Required work
Copy out the data from the line containing "Thijs Leenman" to its last line, exactly. No pictures.

Data segment
● ● ● ●

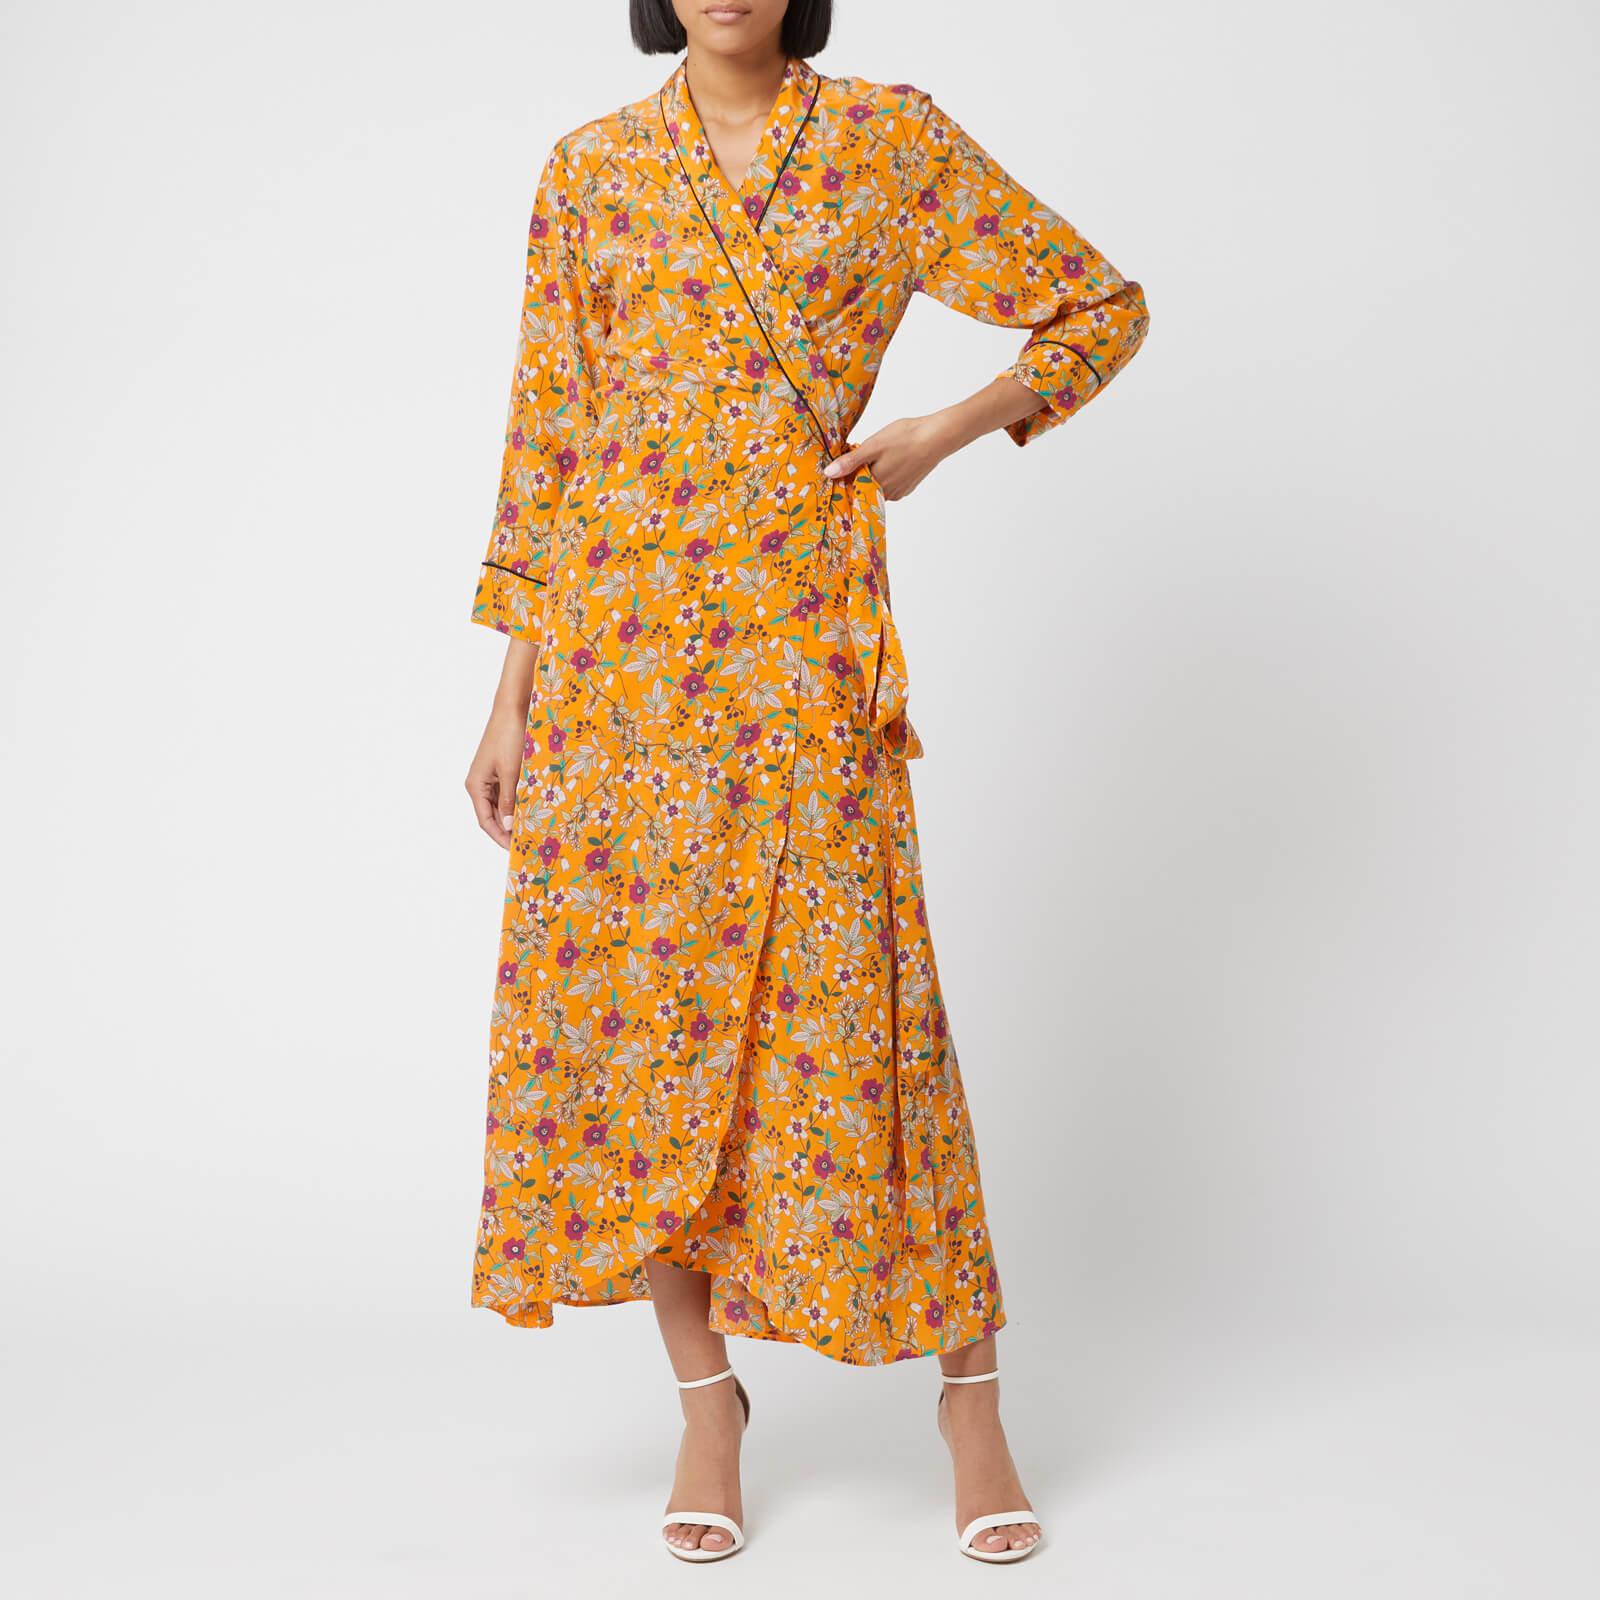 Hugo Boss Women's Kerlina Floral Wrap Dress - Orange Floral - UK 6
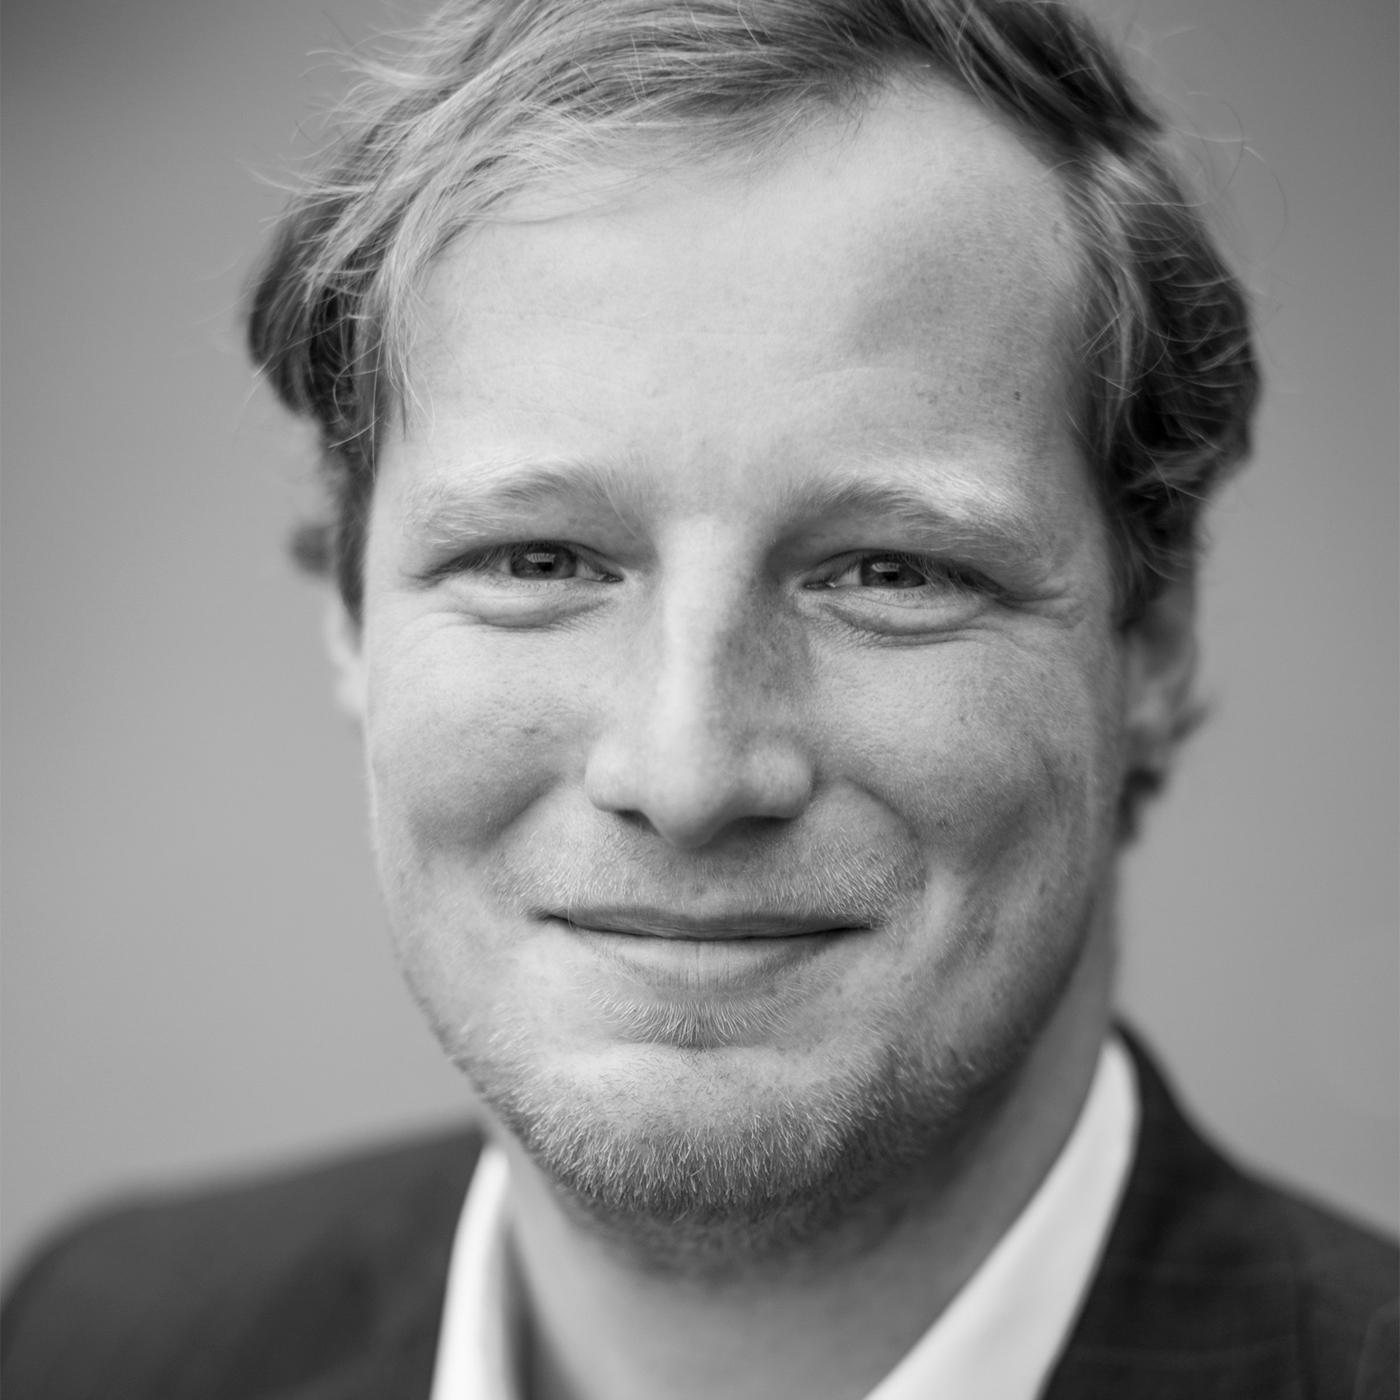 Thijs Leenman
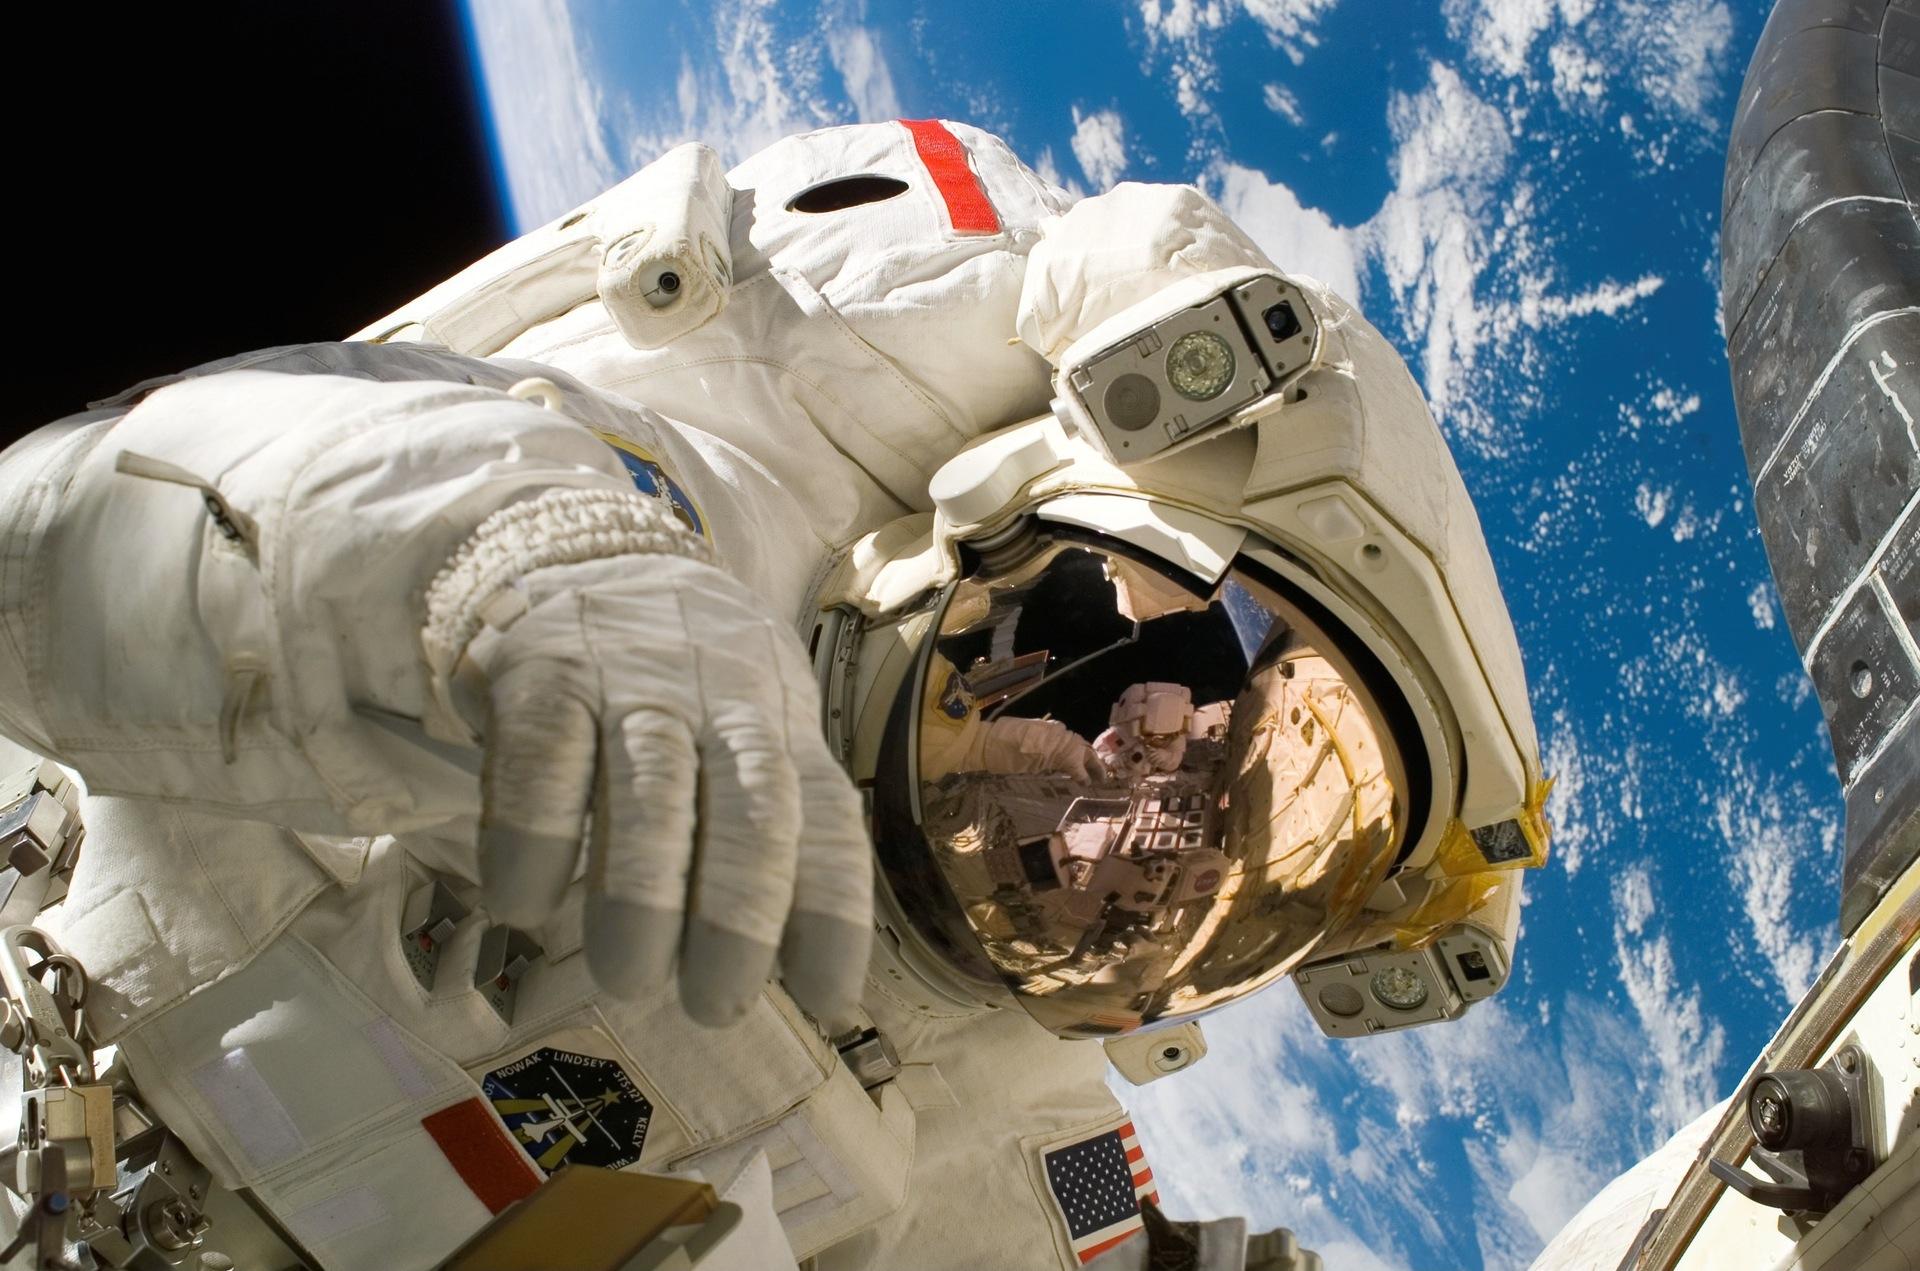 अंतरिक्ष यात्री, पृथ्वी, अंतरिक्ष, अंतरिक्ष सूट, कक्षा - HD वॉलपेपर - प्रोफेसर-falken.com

● ● ● ●

Answer
 Thijs Leenman
 अंतरिक्ष यात्री, पृथ्वी, अंतरिक्ष, अंतरिक्ष सूट, कक्षा - HD वॉलपेपर - प्रोफेसर-falken.com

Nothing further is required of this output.